• [EXERCISE BRIEF]:
Pictures stay out of the answer, but every line of the material must be restated exactly.

• [GIVEN INFORMATION]:
● ● ● ●
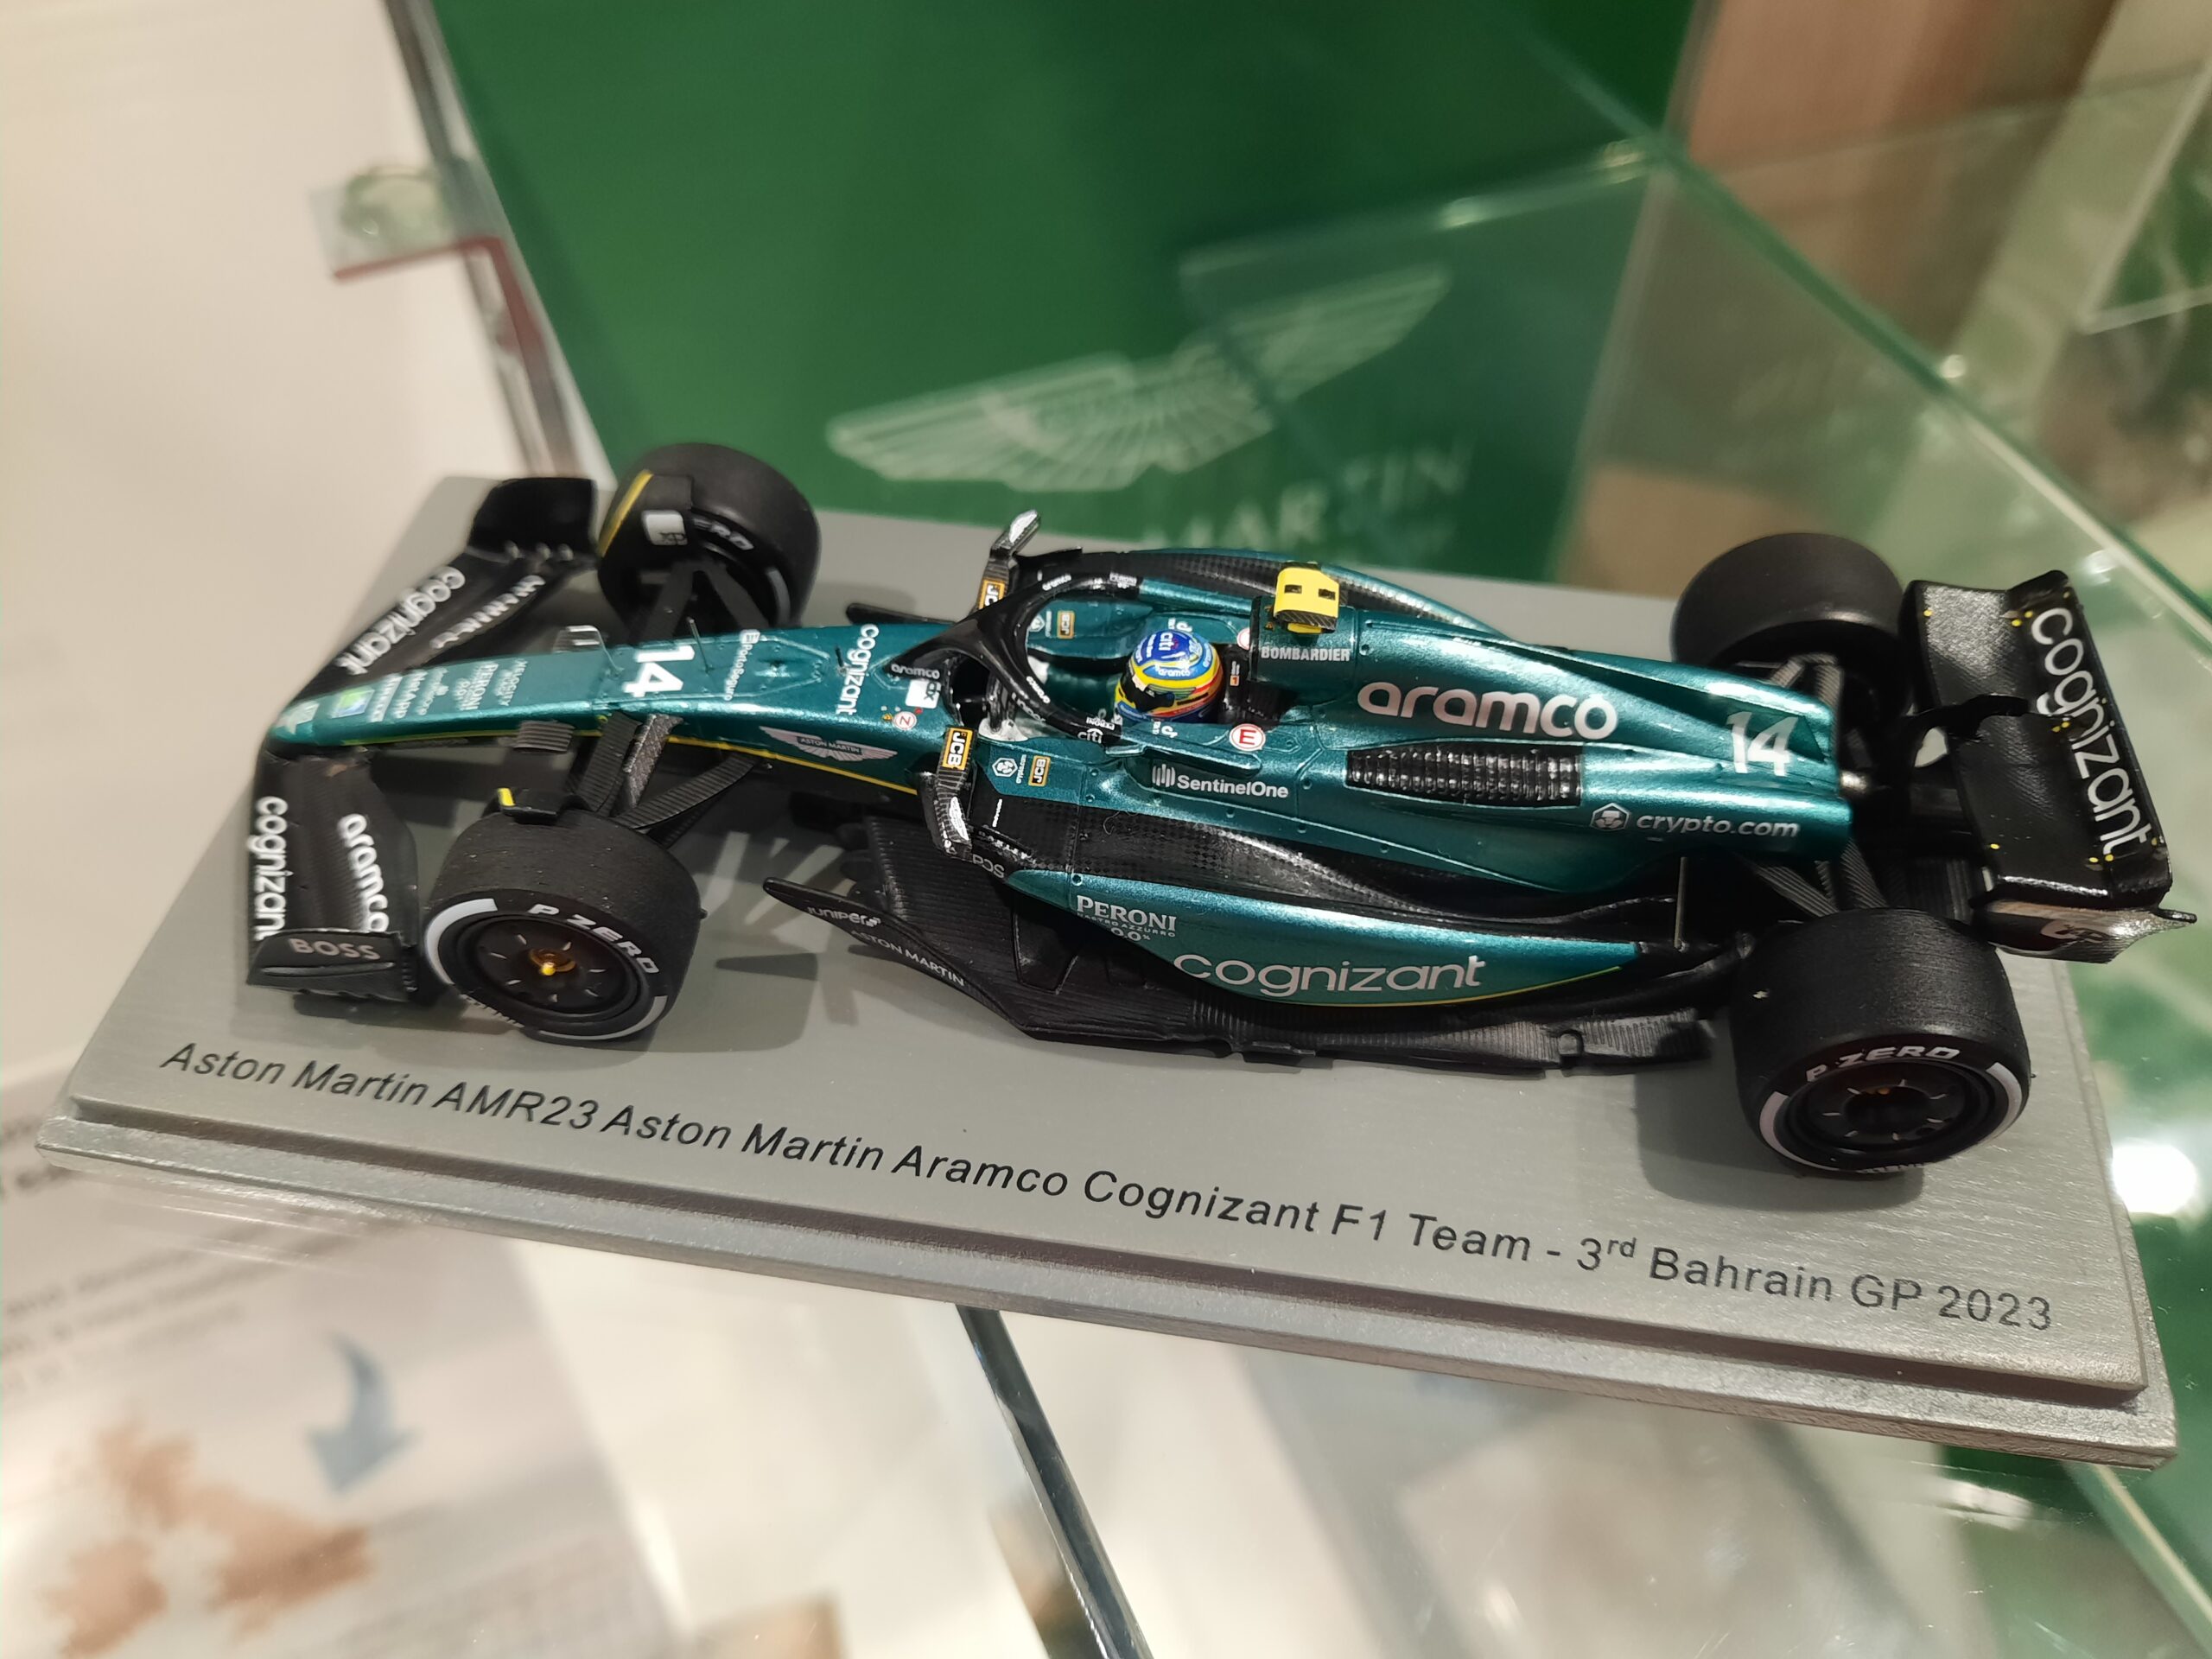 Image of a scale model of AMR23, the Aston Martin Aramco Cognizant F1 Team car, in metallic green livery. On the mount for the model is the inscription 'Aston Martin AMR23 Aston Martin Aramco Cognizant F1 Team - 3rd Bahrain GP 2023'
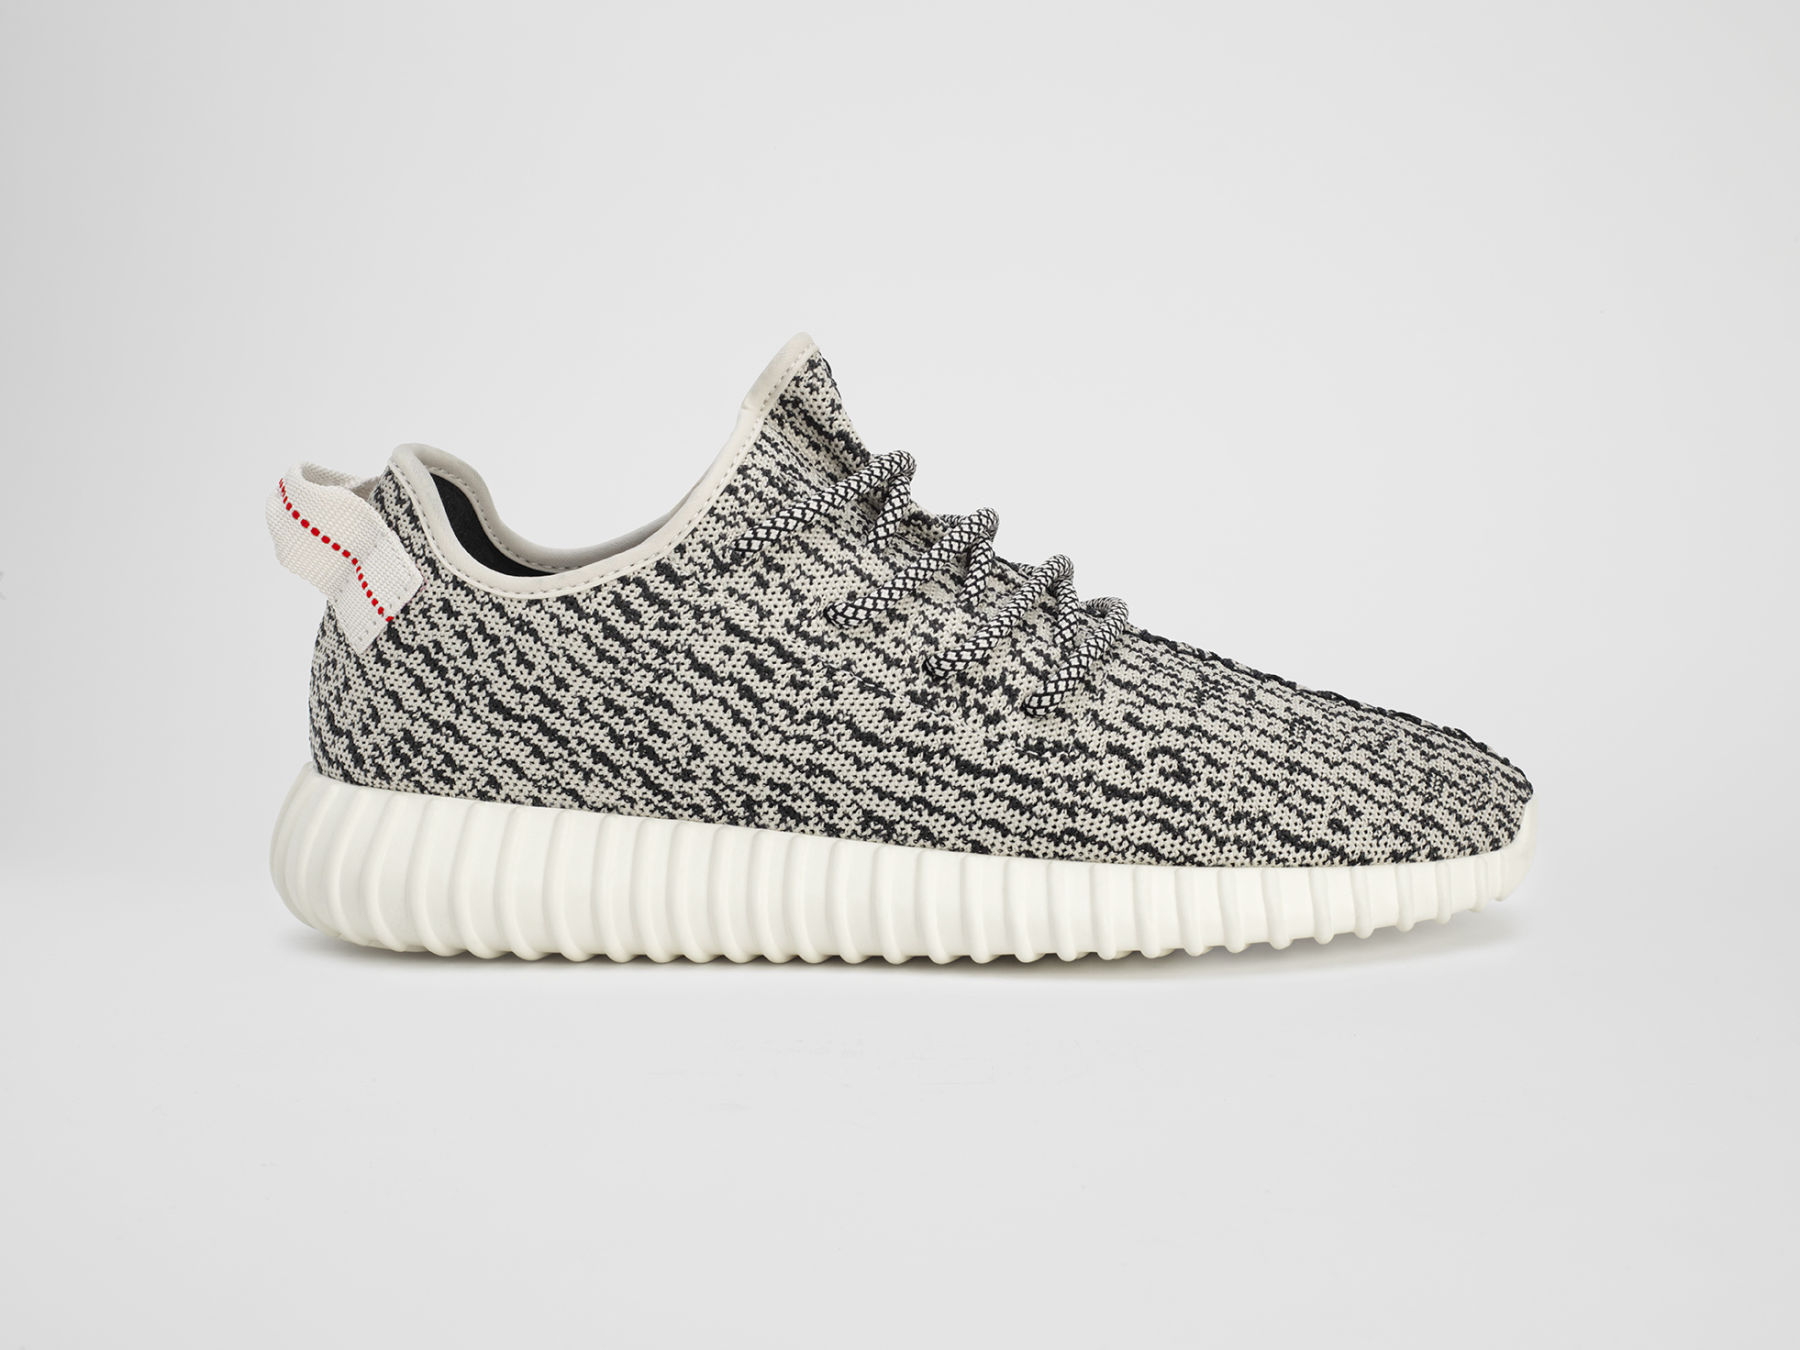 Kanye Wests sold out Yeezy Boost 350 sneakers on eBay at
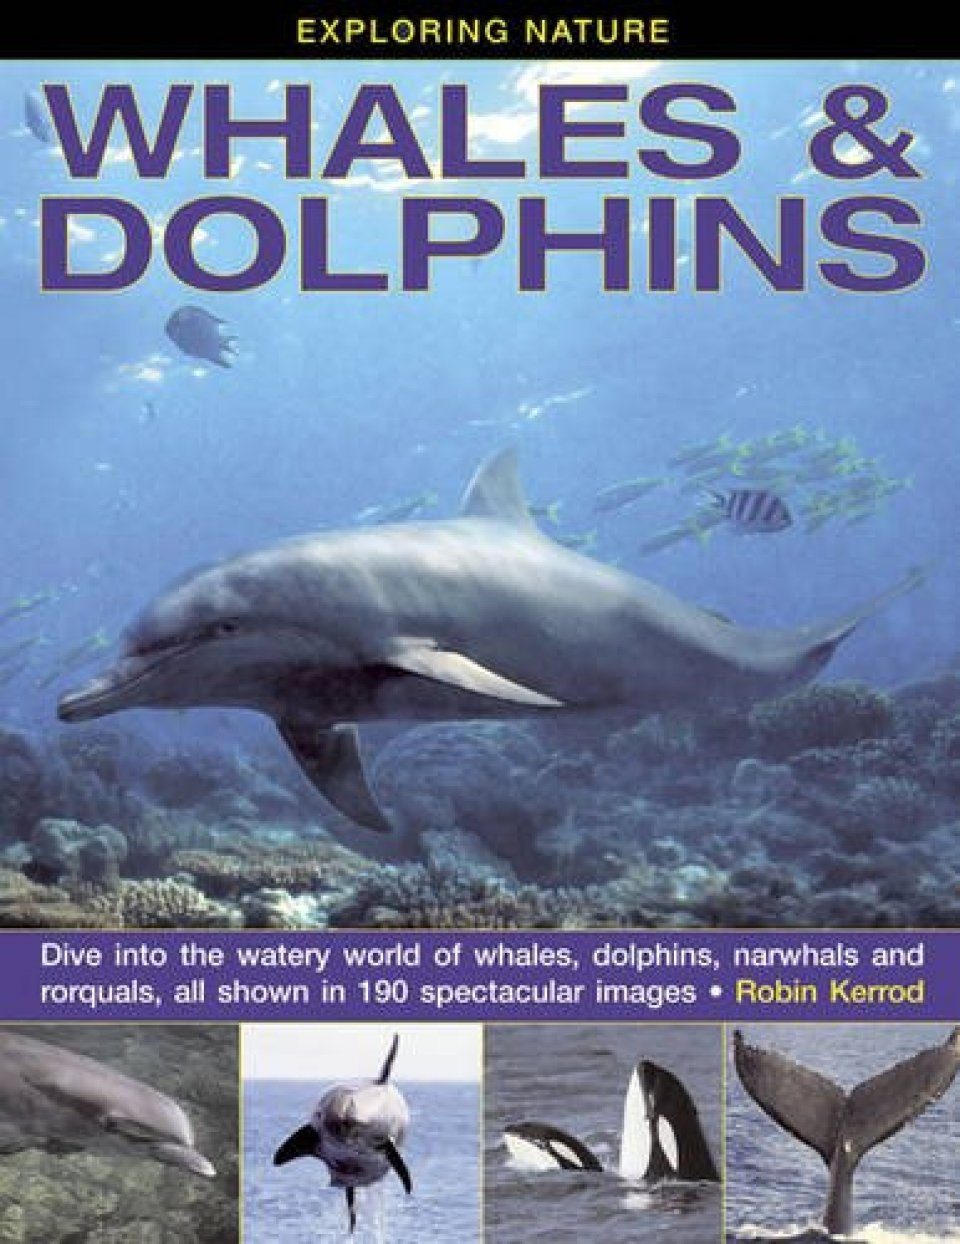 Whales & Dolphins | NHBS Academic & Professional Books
● ● ● ●
• [EXERCISE RESULT]:
 Image of a scale model of AMR23, the Aston Martin Aramco Cognizant F1 Team car, in metallic green livery. On the mount for the model is the inscription 'Aston Martin AMR23 Aston Martin Aramco Cognizant F1 Team - 3rd Bahrain GP 2023'
 Kanye Wests sold out Yeezy Boost 350 sneakers on eBay at
 Whales & Dolphins | NHBS Academic & Professional Books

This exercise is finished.